PHOTO COURTESY OF PARIS INTERNATIONAL
"The prices being charged are on a level with those you might pay in Vienna or New York to hear some of the finest singers and orchestras in the world," he said. "Yet these soloists are certain to be inferior to what you would expect to hear in even quite small opera houses in Germany, Austria or Italy. And the orchestra and chorus will be only half the size you have in the major operatic centers."
Ticket prices for Turandot range from NT$4,800 to NT$600 in Taipei, and from NT$3,600 to NT$600 elsewhere. The orchestra of the Latvian National Opera numbers 68, and the chorus has 50 singers, said the agency inviting them, Paris International Entertainment, based in Kaohsiung.
Against such a view as Kastner's, it can be argued that touring something as cumbrous and labor-intensive as opera is an expensive business. Scenery, costumes and musical instruments all have to be brought in, and 131 personnel transported, fed and accommodated.
Local opera productions, such as the artistically outstanding La Boheme mounted by Taipei City last October, are by contrast not only generously subsidized, but less expensive to stage. The top price for tickets for La Boheme was NT$1,000.
Members of the company who were here with Carmen in 1999 remember good technical facilities in Taiwan's theaters, and especially appreciated the audience response.
"People were very attentive, following the story closely, and there was a very positive reaction to what was happening on stage," said Ieva Kepe, one of the two sopranos taking the title role of the frigid Chinese princess Turandot. "It added up to a very pleasant atmosphere."
As is usual with opera everywhere, the major roles in this Turandot have been double cast to alleviate strain on the soloists' voices. Many international opera celebrities refuse to sing more than three times a week, but stress does not appear to worry the stalwart Latvians. Irena Milkeviciute, for example, will sing the title role of the Chinese princess on three consecutive nights in Taipei, and two consecutive nights in Taichung and Tainan. Ieva Kepe will sing in the remaining three performances.

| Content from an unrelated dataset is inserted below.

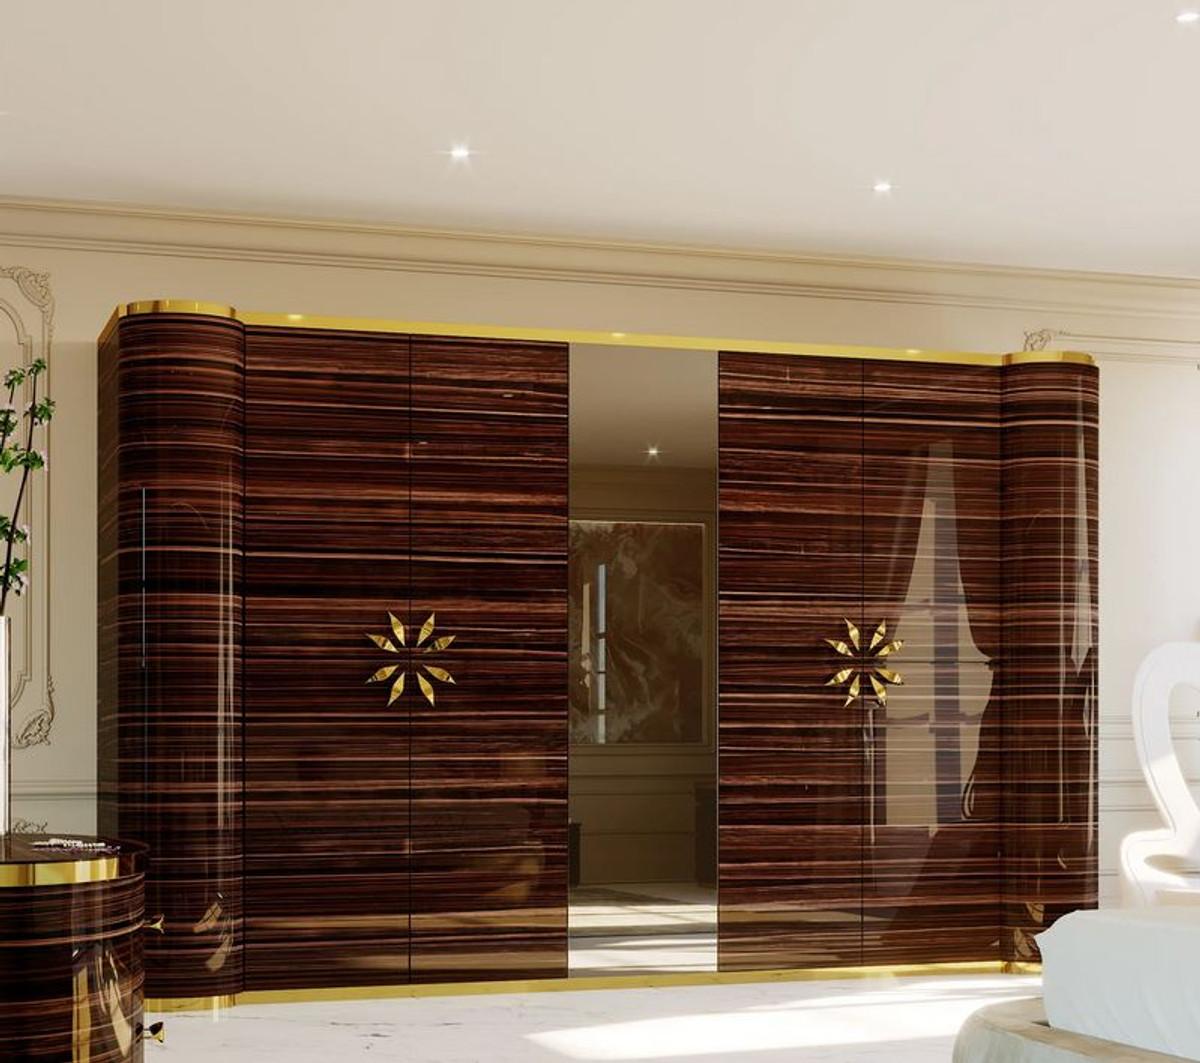 casa padrino armoire de chambre design de luxe marron brillant or 285 x 62 x h 250 cm armoire en bois massif noble avec 4 portes mobilier

The opera's other lead soprano role, the slave girl Liu, is also divided, again unequally, between two Latvian singers, Kristine Gailite and Zigrida Krigere.
And the part of the central Asian prince Calaf, who sues for Turandot's hand in marriage (and hence control of the entire Chinese empire) at the risk of beheading if he answers any of her three riddles incorrectly, will be shared by the Ukranian tenor Oleg Kulko and Mario Diaz from Chile.
Taipei, Kaohsiung and Taichung regularly host four or five Western operas a year. Such events are less familiar in Tainan, however, and a substantial number of tickets for the two performances there are still available.
Latvia is a republic in northeastern Europe, approximately twice the size of Taiwan but with a population of under 3 million. Its capital Riga was for centuries a prosperous Baltic port, and as a result it has a long operatic tradition. Several of Mozart's operas were produced there not long after their Viennese premieres, and the young Richard Wagner was music director of the opera house for two years in the 1830s.
This visit by the Latvian Opera is exclusively to Taiwan, Paris International Entertainment said, and is not part of a wider Asian tour.